I feel I get more bothered by sudden loud noises too. I’m waiting to see a neurologist.
I’m even sensitive to touch Lelp, but it is gradually receding. I think realising that it’s actually overstimulation, not anything more has helped me work through it. Getting stressed about feeling weird without being able to put my finger on why was worse and probably made the symptoms increase.
ok, thanks Sue for the info on the medications-I can see why they´re difficult to get prescribed and of course should be…well still I´ll ask my GP about it…I just want to function better in the afternoons or when out and about…
Well, saw my GP today and he doesn´t understand what the neurologist is waiting for when looking at my medical records.

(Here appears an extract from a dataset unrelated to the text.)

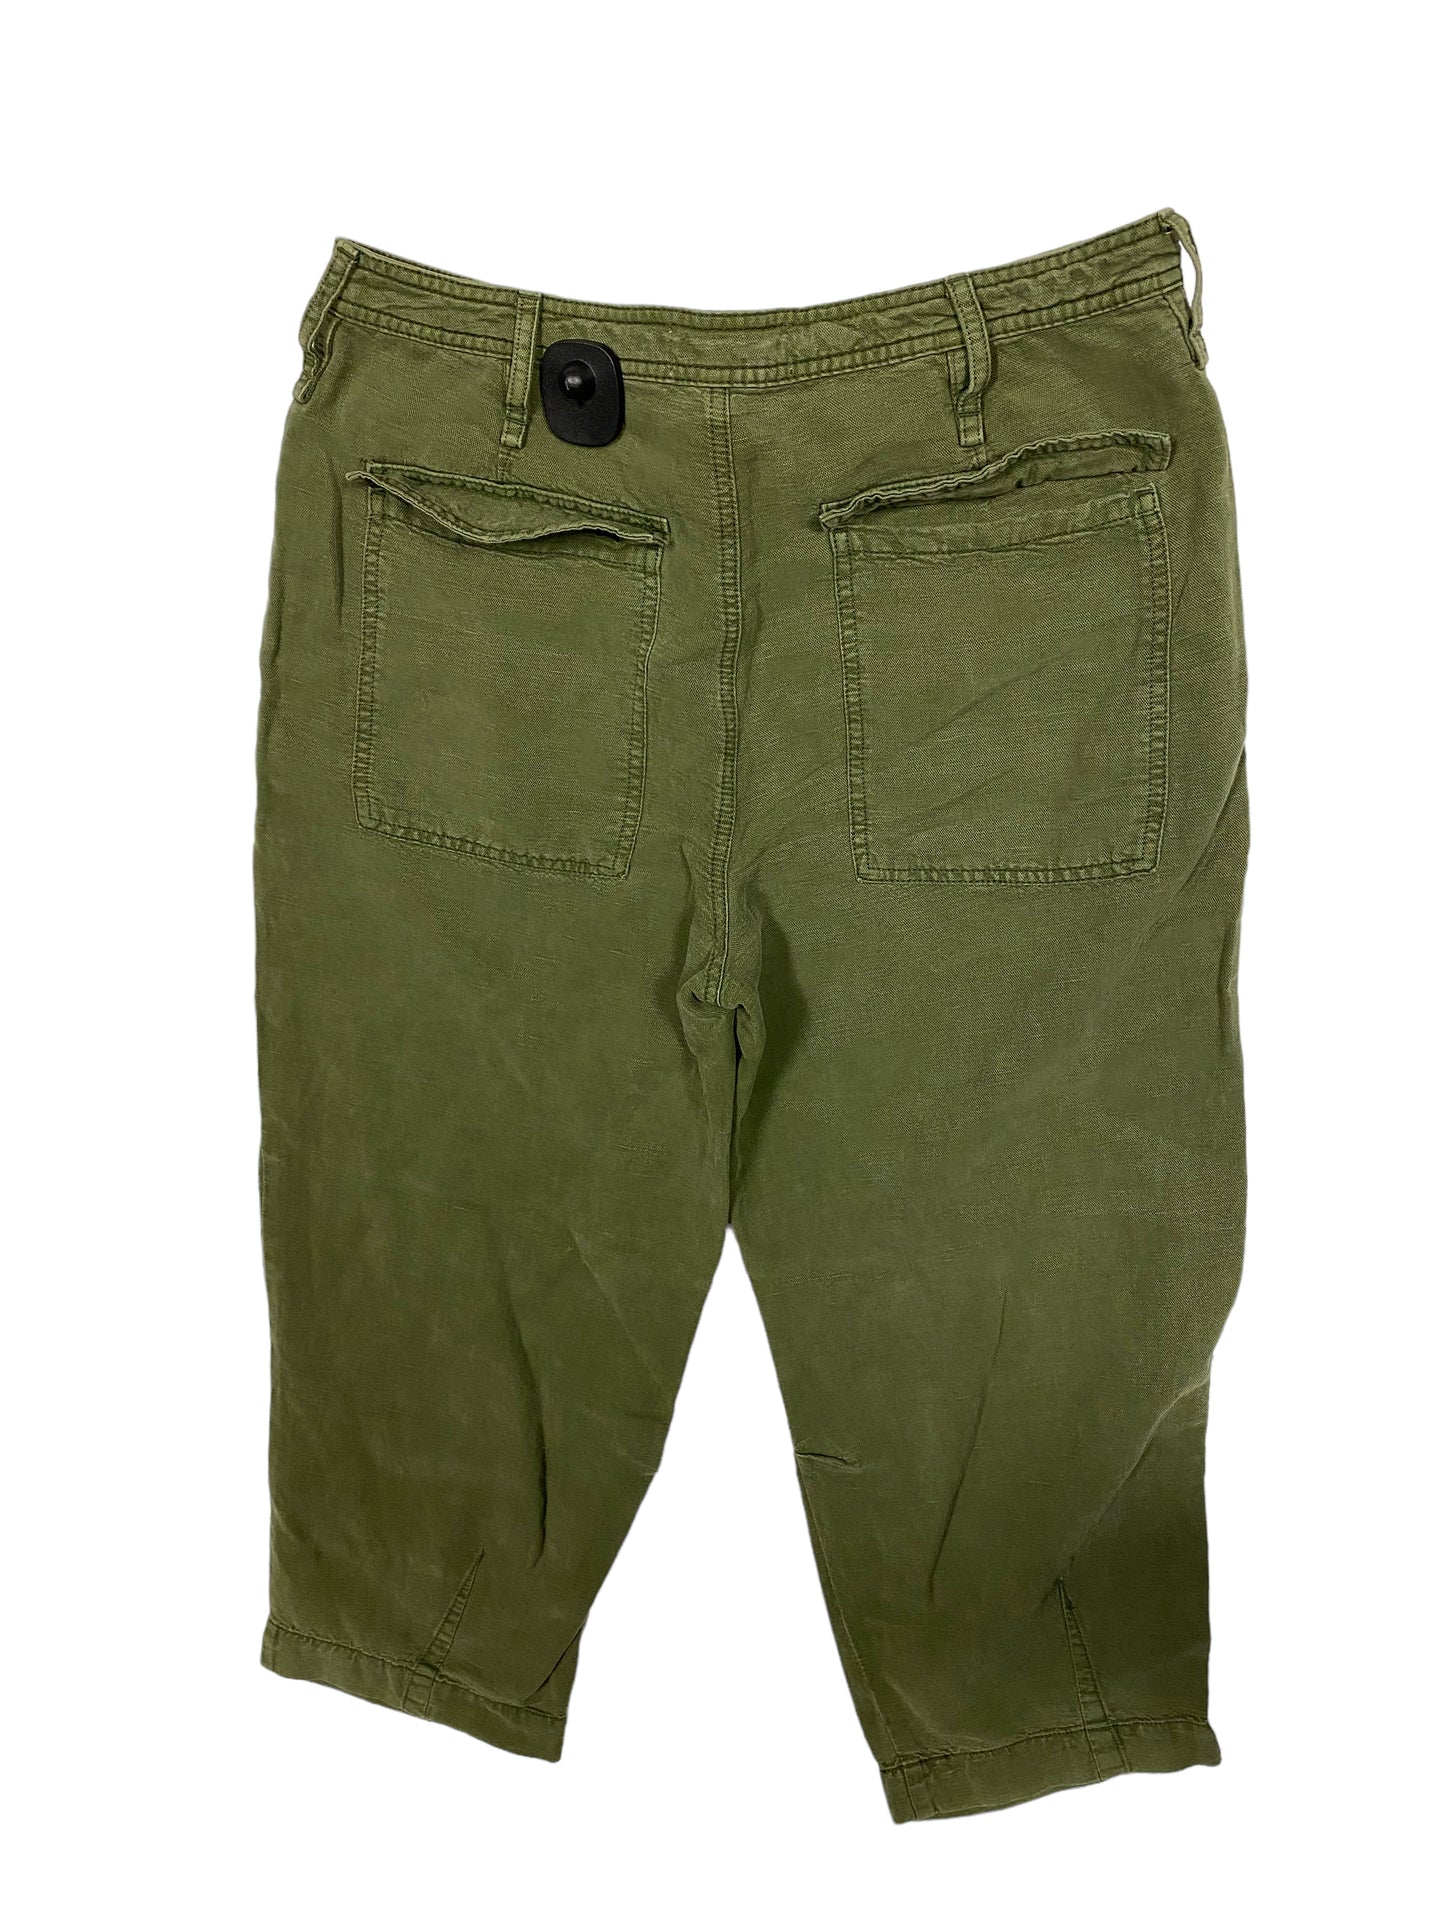 Green Pants Cargo & Utility Anthropologie, Size 12

My GP is quite positive that I actually have MS and he just shook his head when I told him how the neurologists treated me when I was there…anyways, Sue, you are right my GP cannot prescribe drugs for fatigue…but at the same time he thinks I should contact my neurologist again and tell them what symptoms I have now…I asked about getting a referral to someone else as I don´t really want to go back to the neurologists but the problem is that in Sweden we can´t choose who to go to when it comes to specialists- it´s called monopoly…and if he writes me a referral for a second opinion he says that the new neurologist can say no to seeing me because there is a certain code between them…Hope I am making sense but health care works somewhat differently over here…unfortunately I´m in the hands of the two neurologists I´ve already seen and one of them I really don´t want to go back to… I don´t know whether to wait for my next MRI which most probably will be in February or to contact them before…
I am the same and have the same symtums… it’s so frustrating not known what’s happening with my body I have been running for 2 years and still no further forward have a urgent nuro surgeon appointment tomorrow today is a bad day for me I can hardly walk with the pain…
Contacted the nurse of the neurologists yesterday and told her I had been to my GP to get help to understand my medical records and why information about the same thing is different…which she and one of the neurologists also thought was odd…hmmm…well anyway I told them that I’m not really worse then before and really no new symptoms but what should I do in the meantime and their answer is pretty much that I have to wait for the next MRI in March…I’m studying alot of updated research on ms and diagnosis and I don’t really think my nerologists are following recomendations…the neuorologist said there are drugs for my “fatigue” but he doesn’t want to prescribe at this stage… Well most of you know what I´m going through as you’ve pretty much been there or is there right now…just a way to get rid of some agonizing thoughts by sharing…thank you…
I may be a step closer to seeing a neurologist hopefully within 4 weeks. On 1st Nov I went to the theatre to a musical and in the second half I wondered if I had a focal seizure. I realised I was staring rather than watching the show and then my leg was twitching and my eyes blinking rapidly. After a couple of minutes I was back to normal. When I spoke to someone who said it sounded like a seizure she told me to Google it and it all made sense plus an earlier incident. Anyway my GP said it could be and said she would refer me to the First Fit clinic and for a CT scan.I also think I may have had another seizure on Fri. Downside is I’ve been told not to drive. I don’t work so at least that’s not a problem and I’m on a main bus route just not used to public transport. Have to wait and see now. My GP said to let her know if I haven’t heard anything by early December.